UCSD Pascal branched off Pascal-P2, where Kenneth Bowles used it to create the interpretive UCSD p-System. It was one of three operating systems available at the launch of the original IBM Personal Computer. UCSD Pascal used an intermediate code based on byte values, and thus was one of the earliest bytecode compilers. Apple Pascal was released in 1979 for the Apple II and Apple III computer systems. It was an implementation of, or largely based on, UCSD Pascal. Pascal-P1 through Pascal-P4 were not, but rather based on the CDC 6600 60-bit word length.

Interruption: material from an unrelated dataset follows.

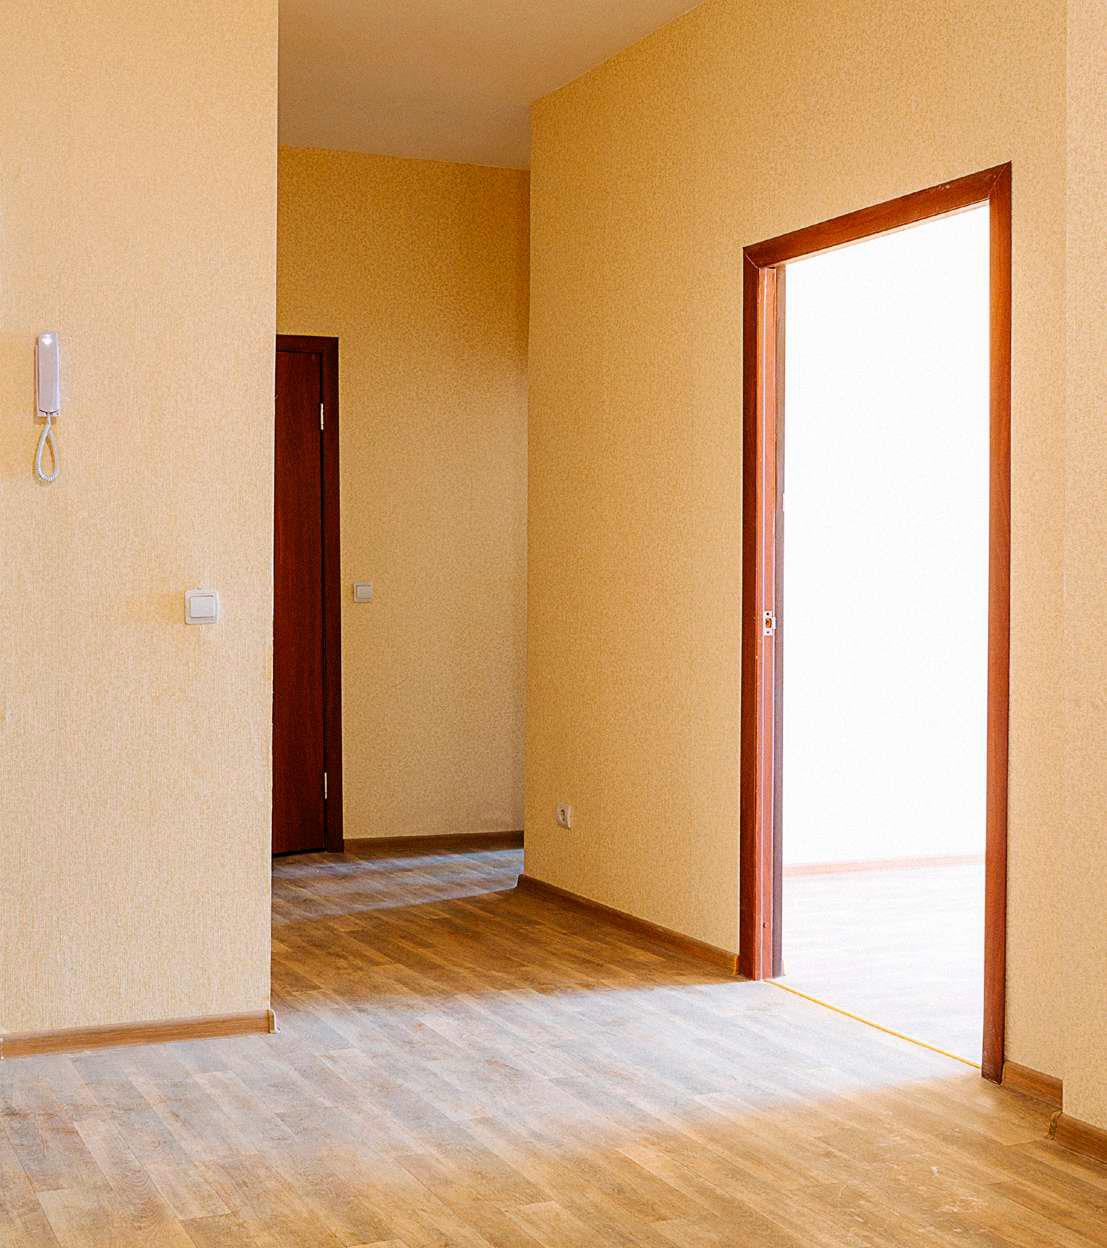 Просторные коридоры сосветлой отделкой формируют уютное пространство вквартире. Отделка выполнена подключ, говорится вбуклете
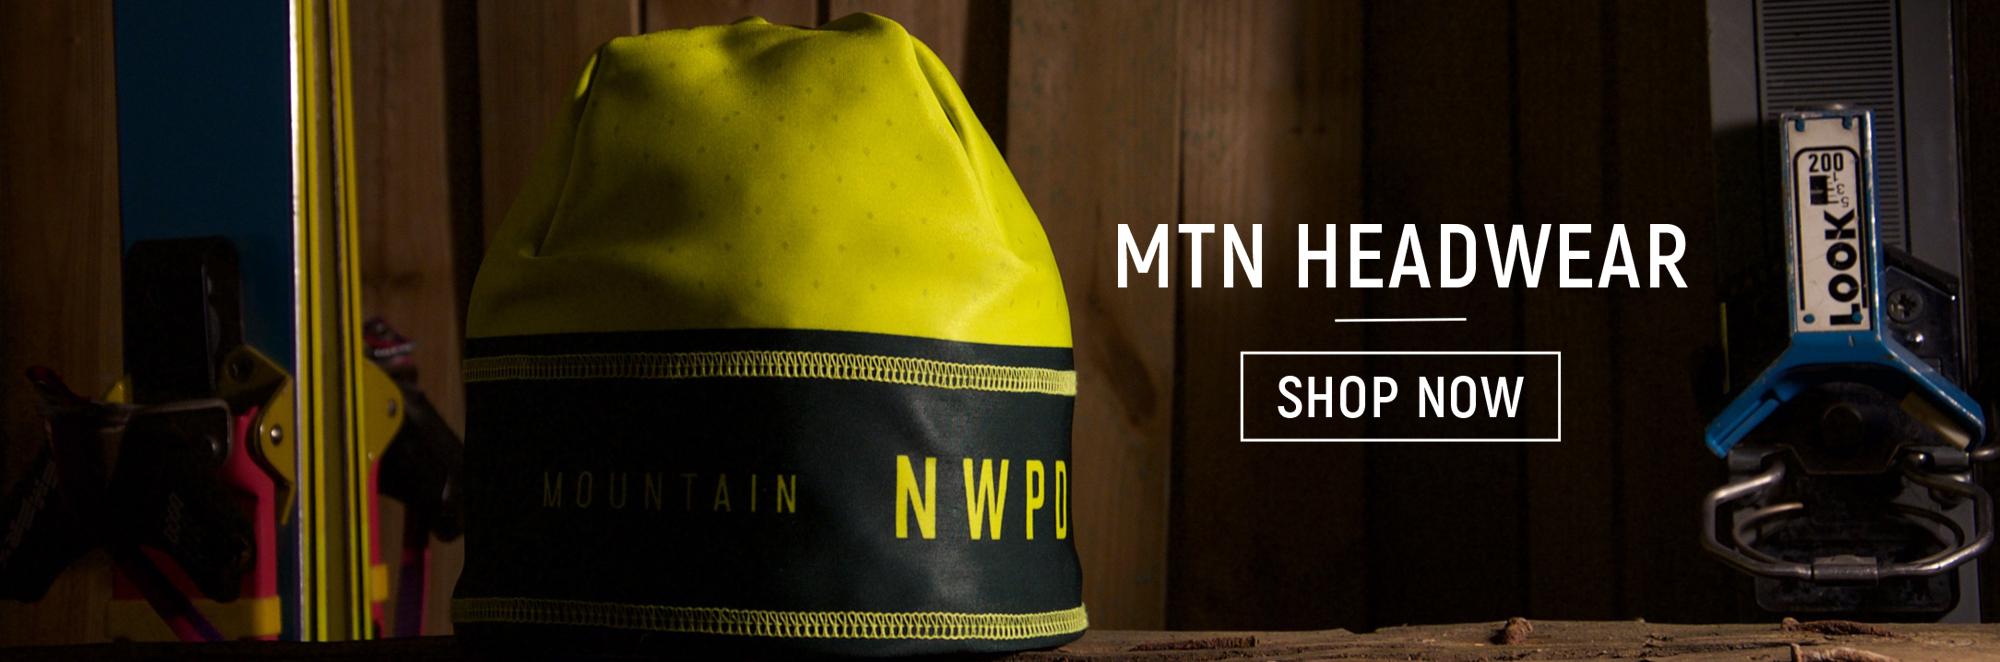 NWPD-Slide-Beanies-MTN

A compiler based on the Pascal-P4 compiler, which created native binary object files, was released for the IBM System/370 mainframe computer by the Australian Atomic Energy Commission; it was named the AAEC Pascal 8000 Compiler after the abbreviation of the name of the commission.

===Object Pascal and Turbo Pascal===
Apple Computer created its own Lisa Pascal for the Lisa Workshop in 1982, and ported the compiler to the Apple Macintosh and MPW in 1985. In 1985 Larry Tesler, in consultation with Niklaus Wirth, defined Object Pascal and these extensions were incorporated in both the Lisa Pascal and Mac Pascal compilers.

In the 1980s, Anders Hejlsberg wrote the Blue Label Pascal compiler for the Nascom-2. A reimplementation of this compiler for the IBM PC was marketed under the names Compas Pascal and PolyPascal before it was acquired by Borland and renamed Turbo Pascal.

Turbo Pascal became hugely popular, thanks to an aggressive pricing strategy, having one of the first full-screen IDEs, and very fast turnaround time (just seconds to compile, link, and run). It was written and highly optimized entirely in assembly language, making it smaller and faster than much of the competition.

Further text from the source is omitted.